Just in case you missed it, the Transportation Security Administration (TSA) is missing a hard drive containing some 100,000 current and former employee payroll records. The missing data contains names, Social Security numbers, payroll information, bank account, and routing information.

The hard drive was discovered missing last Thursday (May 3, 2007) from a TSA controlled security area. By Friday, the agency began notifying affected employees. The missing data covers TSA personnel employed by the agency from January 2002 through August of 2005.

Obviously, this has caused a stir among TSA employees, Homeland Defense, and of course, Congress and the White House. I’m still shaking my head about this one.

The reason I am so perplexed is that I have always preached that security is a culture and that it is not something you “do,” but a lifestyle, so to speak. Organizations that have cultivated a security culture have ingrained it in their employees that you think about security in everything you do. Furthermore, there are serious consequences to those that slip up and violate security policy.

Having said that, one would think that the TSA — an arm of Homeland Security — would have this culture of security. Yet kapow! A doozy of a breach like this pops up. What gives?

My guess is that — contrary to what many might think (or maybe not) — the TSA lacks this culture of security, and here are my reasons for saying so:

  • The TSA is a young organization; it is not quite six years old. It was created on paper on November 19, 2001 in the wake of 9/11.
  • It was initially an arm of the Department of Transportation and was tasked by Congress to “recruit, assess, hire, train, and deploy Security Officers for 450 commercial airports from Guam to Alaska in the span of 12 months.”
  • The organization moved from Transportation to Homeland Security in March 2003. Homeland Security is only four years old and on its second director.

Given the above factors — a hurried creation, a massive and rushed hiring effort, four significant changes in leadership, and a workforce that, for the most part, is “tolerated” by travelers; and you have to wonder if the organization has a culture at all!

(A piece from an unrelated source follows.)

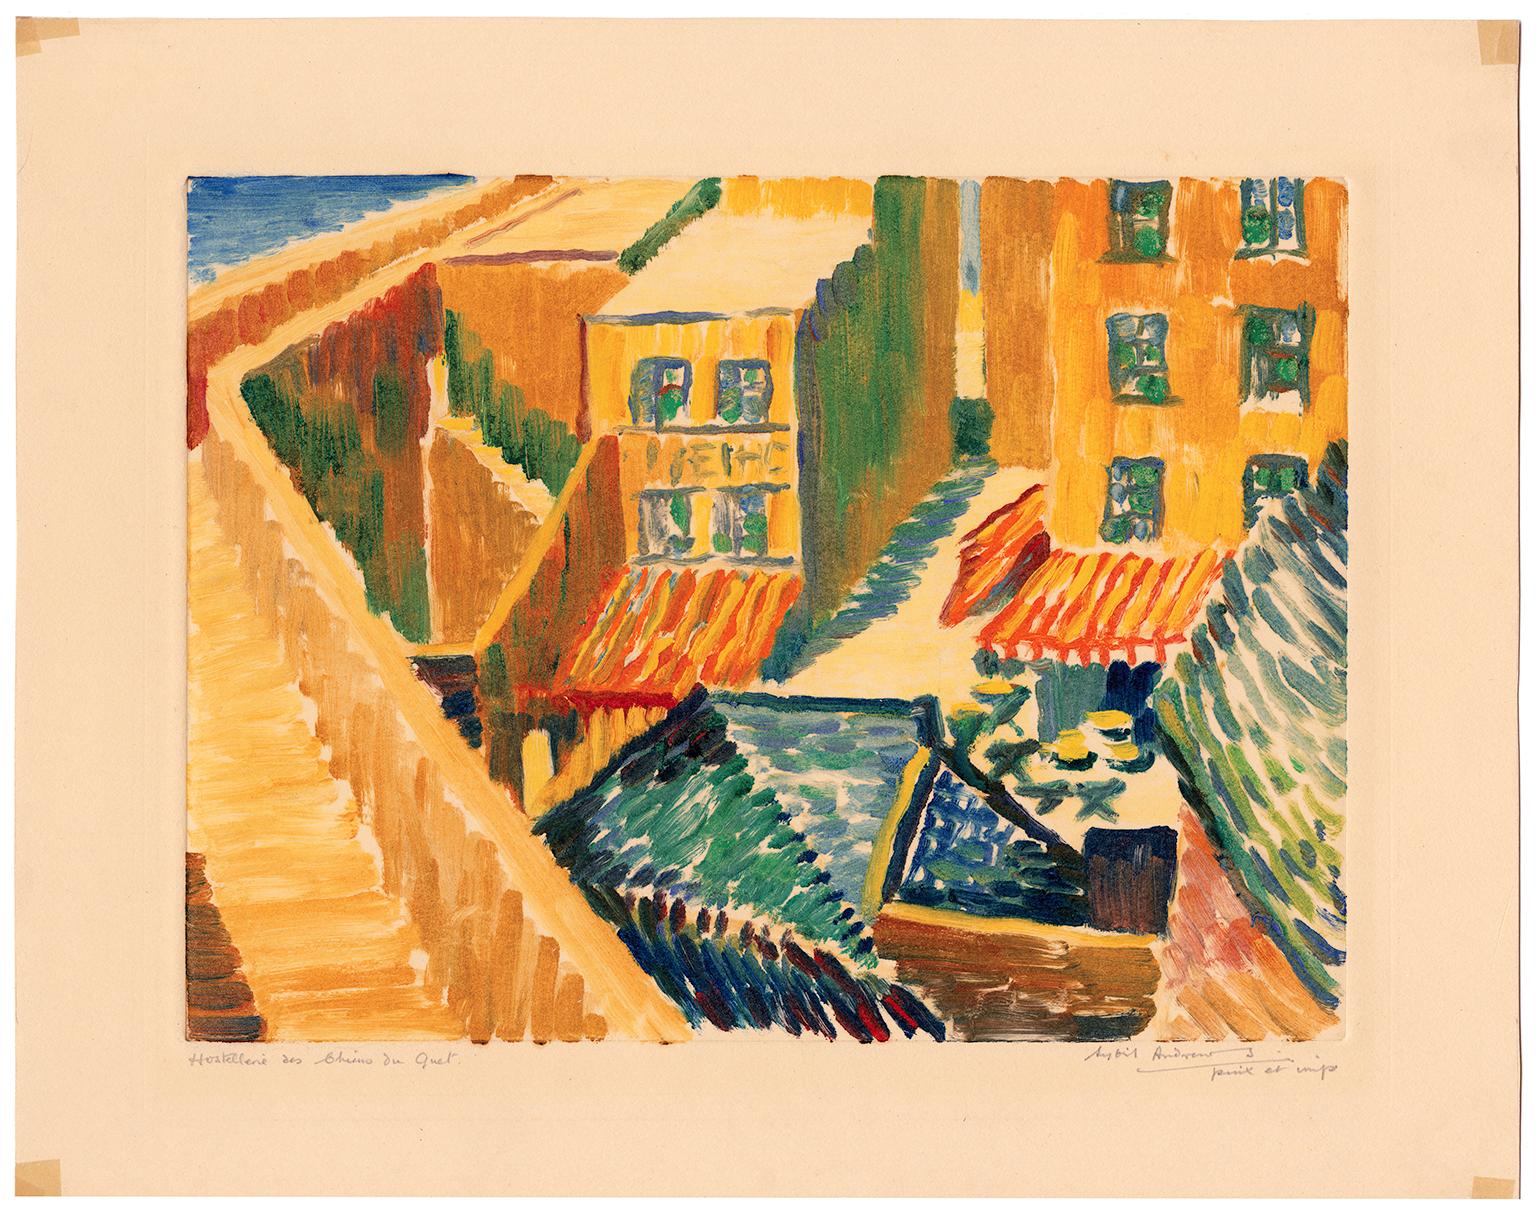 'Hostellerie des Chiens du Guet' — 1920s British Impressionism - Print by Sybil Andrews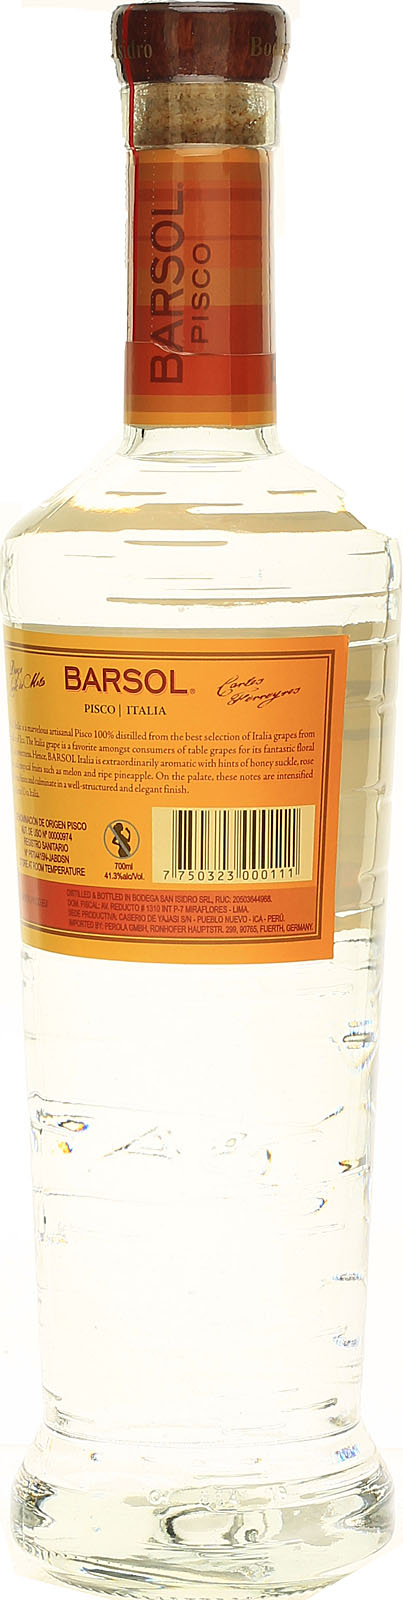 Liter Barsol Vol. Shop Italia % 0,7 Pisco 41,3 im

Please do not take this as a diatribe against the hard-working employees at the TSA, because it is not. It is just recognition that given the circumstances under which it was created, the organizational changes it has undergone, and the enormity of its responsibilities, it’s not surprising that this has happened after all.

Additionally, the fact that the position of Cyber Security Chief has been held by four different individuals since Homeland Security was created and you realize that the TSA is bound to have more than its share of IT security challenges; I’m sure we just haven’t heard about them all.

It’s tough in any organization that has had this much change to create a culture that does much of anything correctly. Add in the fact that TSA is an outward facing organization (unlike the CIA which is constantly examining its belly button) and is more focused on catching the bad guy out there rather than wondering if there is one in their midst, and the fact that IT security is often talked about but rarely acted upon and we begin to see the challenges TSA faces every day.

Given all this information, should one excuse this massive breach in security? Of course not! We just now have a little more context in which to understand how something like this can happen and the knowledge to know that it is going to take some serious effort to remedy the situation. This effort has to be implemented from the top down and be more than lip service if the TSA is going to prevent something like this from happening again.

On the bright side (if there is one), in order for large bureaucracies to learn anything, it often takes something catastrophic to make them change. Perhaps this will be the jolt that sends TSA and its management in the right direction concerning IT security. This is small comfort for TSA employees today — and selfish on my part — but I would prefer the lesson be learned now rather than after a breach of confidential data from the millions of records it must hold regarding passengers. That scenario is just plain scary!